Photo 1: Edible findings at Central Park
Photo 2: Steve Brill leading a foraging tour in Central Park

While Brill also includes medicinal plants on his tours and is often invested in the health aspects of foraged food, Viljoen sees foraging entirely as a way to augment culinary creativity. “I’ve always liked to cook,” she says. “Having new ingredients to play with in the kitchen is just very exciting. We’ve been using the same spices and herbs, more or less, for centuries.” As she sees it, because the only plants we use in cooking are cultivated, we’ve limited the diversity of our ingredients. Many more plants to be found foraging can be used in plenty of new and creative recipes.

One example is Japanese knotweed. Invasive and abundant (especially in Pelham Bay Park), it’s often cut down as a weed; nevertheless, it makes for many creative recipes. Recipes for Viljoen’s Japanese knotweed soup and lamb and knotweed curry can be found in her book (also called 66 Square Feet) each capitalizing on this abundant plant and its unique sour flavor. Brill doesn’t miss out on the knotweed action either, with a recipe for knotweed sherbet on his website.

In addition to the culinary creativity afforded by knotweed, eating it helps the local ecosystem: Japanese knotweed is an invasive plant. It steals sunlight, water and other nutrients from native plants, while harming local wildlife and reducing biodiversity. By foraging the knotweed, you not only get an interesting meal, but you save the NYC Parks Department a little cash by doing their weeding for them. Many other commonly foraged plants, such as lamb’s quarters and milkweed, are considered weeds and/or invasive, so they’re not only renewable, but it’s beneficial to an ecosystem to pick them.

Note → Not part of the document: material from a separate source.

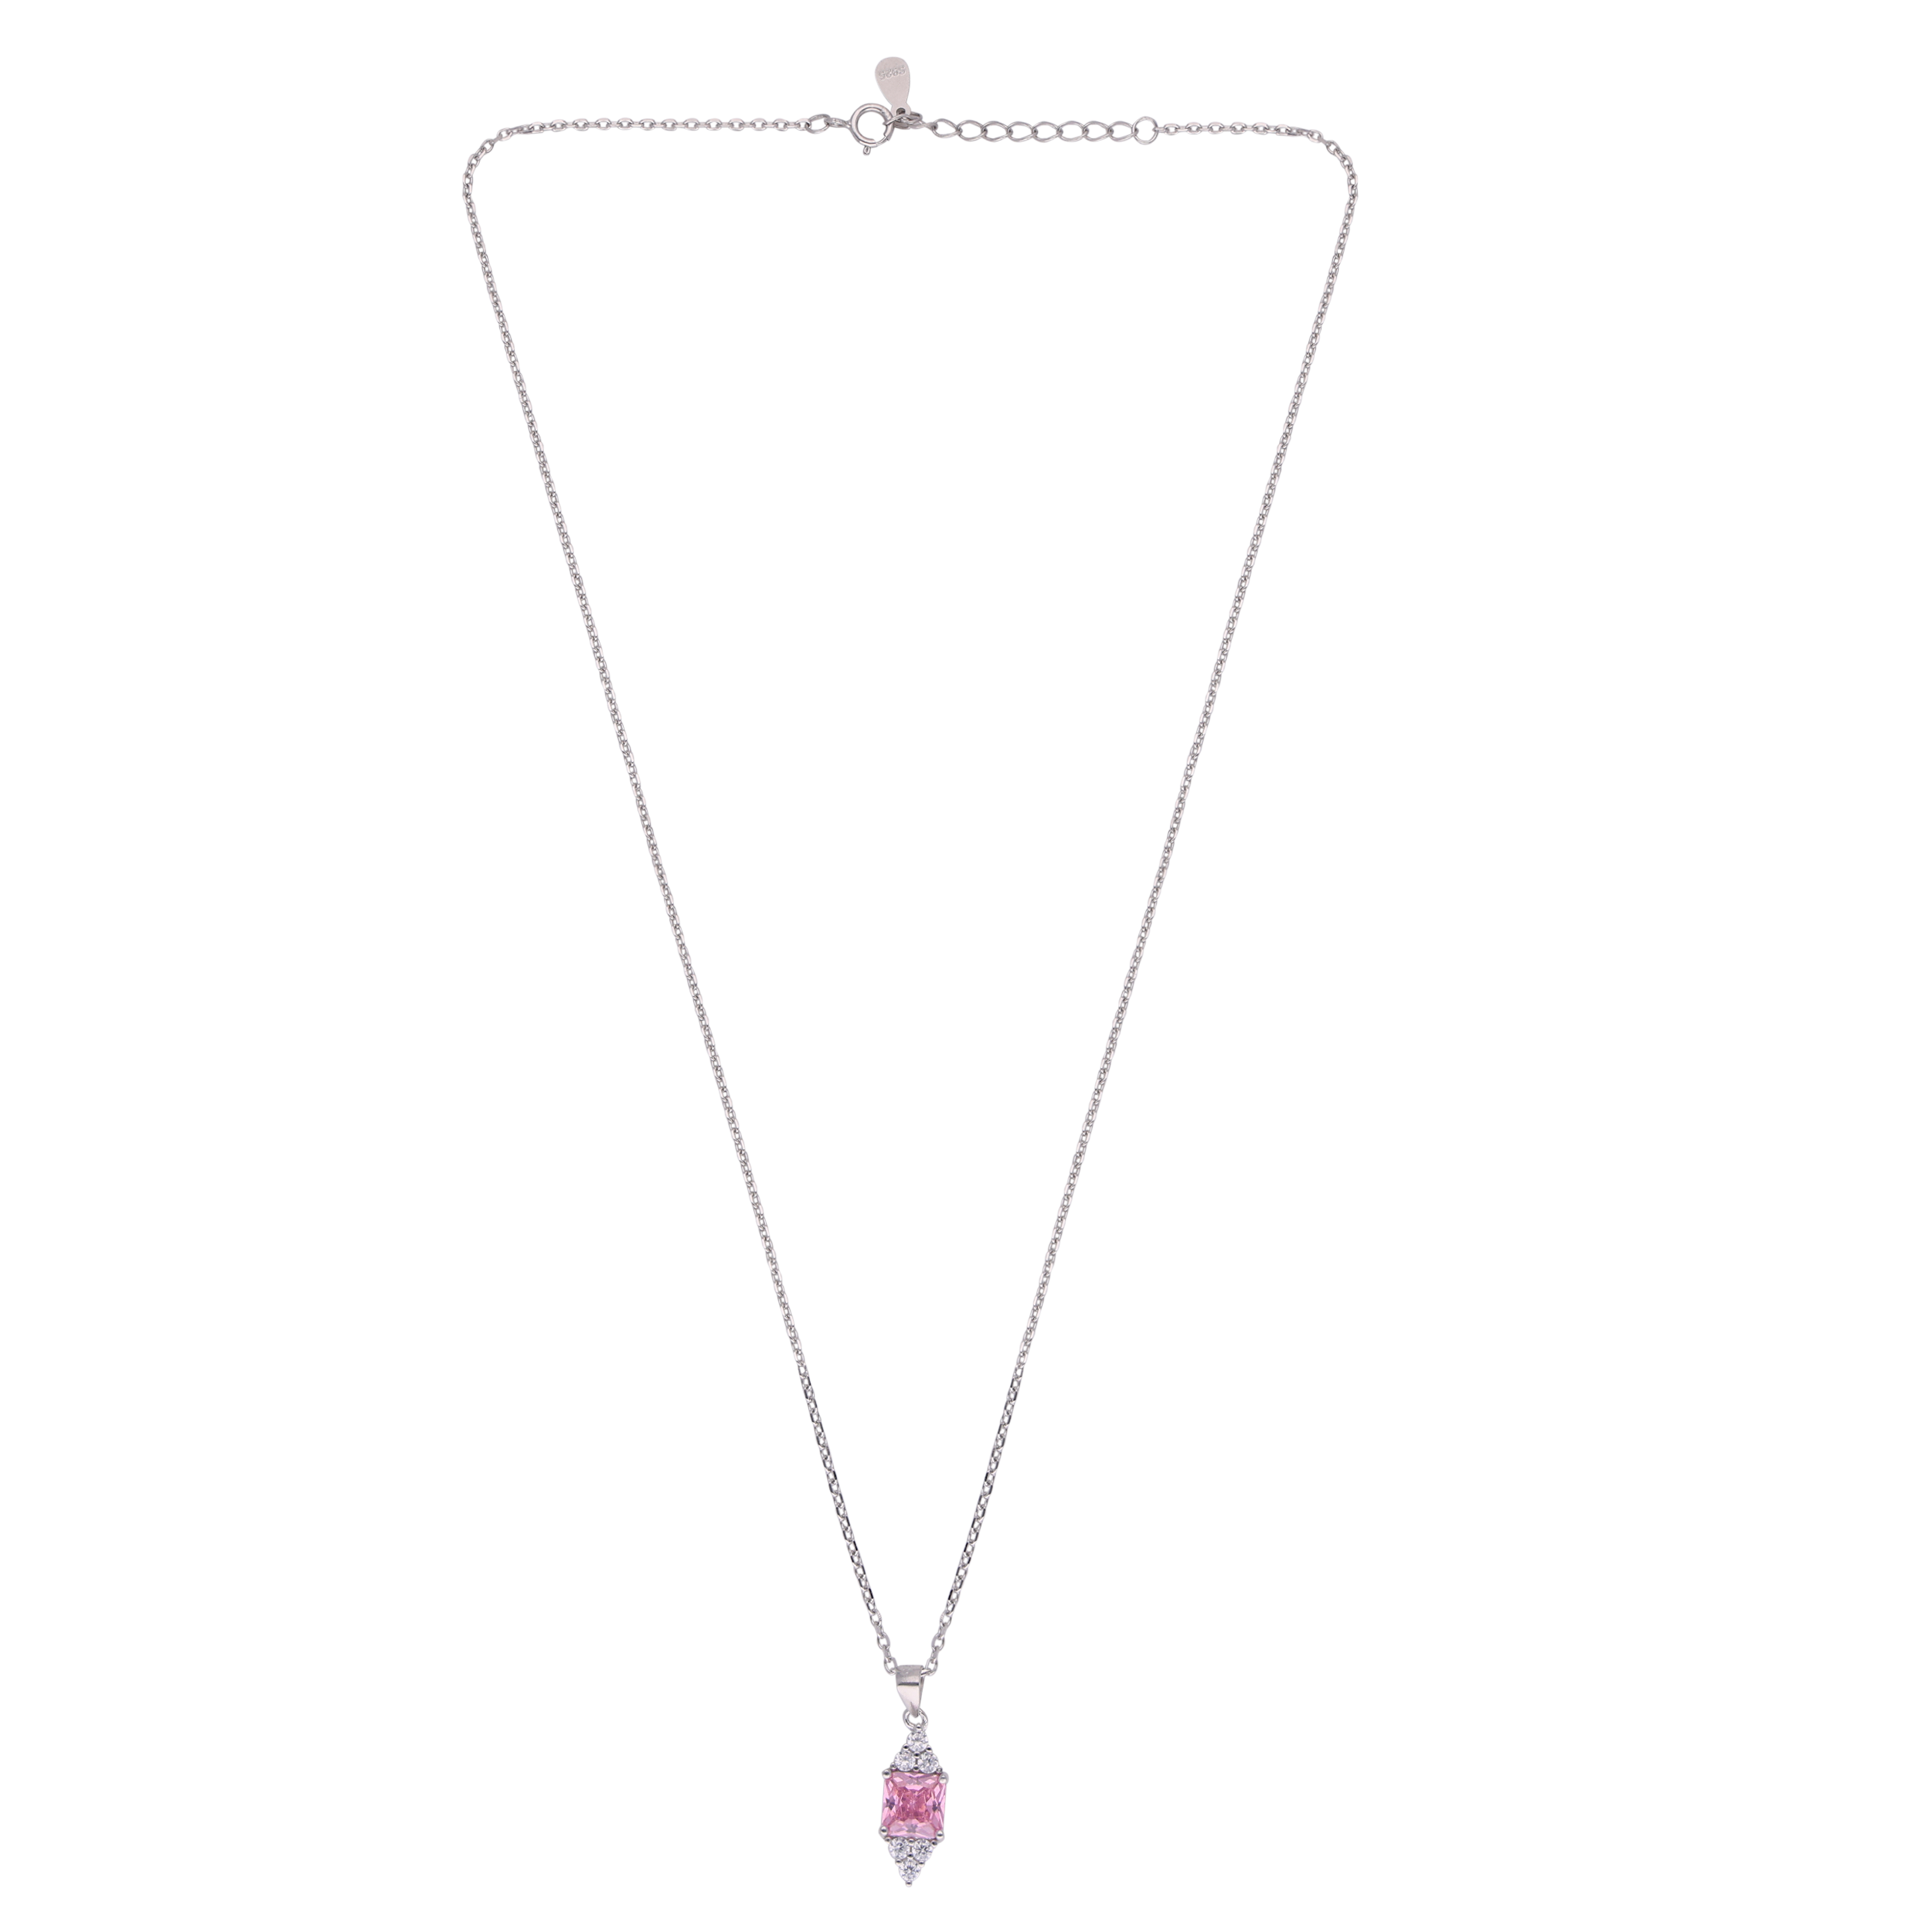 Radiant Bloom: Pendant Chain with Pink Cubic Zirconia  | SKU: 0019281704, 0019281612, 0019281735, 0019272276

Viljoen and Brill are careful not to forage the less-abundant species, and to only pick what they know is renewable. Viljoen also tries to avoid what she refers to as “collateral damage,” which is the inadvertent destruction of plants simply by stepping on them while foraging for others.

Before you can begin worrying about which plants are invasive, which are native, which are abundant, which are rare, etc., you first need to learn how to forage, which Brill and Viljoen agree is a somewhat time-consuming process. Viljoen describes her own learning to forage as simple “pattern recognition”: “It’s no more difficult to recognize purslane than it is to recognize celery; it’s just not part of the standard culture.” Says Brill, it’s a matter of becoming familiar with the desirable plants, and then teaching yourself how to distinguish them from their surroundings.

With proper foraging skills or a proper guide, the Bronx is a pretty extensive foraging playground. Available plants depend greatly upon season, but Brill and Viljoen both suggest Pelham Bay Park as a spot that can yield some finds year-round. Viljoen, who occasionally leads foraging walks in Pelham Bay, likes the park for its large number of edible invasives. Viljoen also looks for mugwort, a weed used often for both culinary and medicinal purposes; sumac, whose fruit (called “bobs”) can provide a lemony flavor to food and drinks; and wild black cherries.

Beyond Pelham Bay, Brill also forages in Bronx River Park, where he finds stinging nettles and wood nettles (which lose their stinging properties when cooked) and he likes to venture into Van Cortlandt Park to find wild edibles.

Despite being as old as humanity, foraging has most definitely not died out. Viljoen and Brill have become catalysts of a growing and innovative culinary and environmental movement open to any New Yorker and Bronxite who can get out to a nearby park. With the limited selection of everyday grocery store ingredients and staple crops, foraging is a way to break tradition and eat something that is truly new.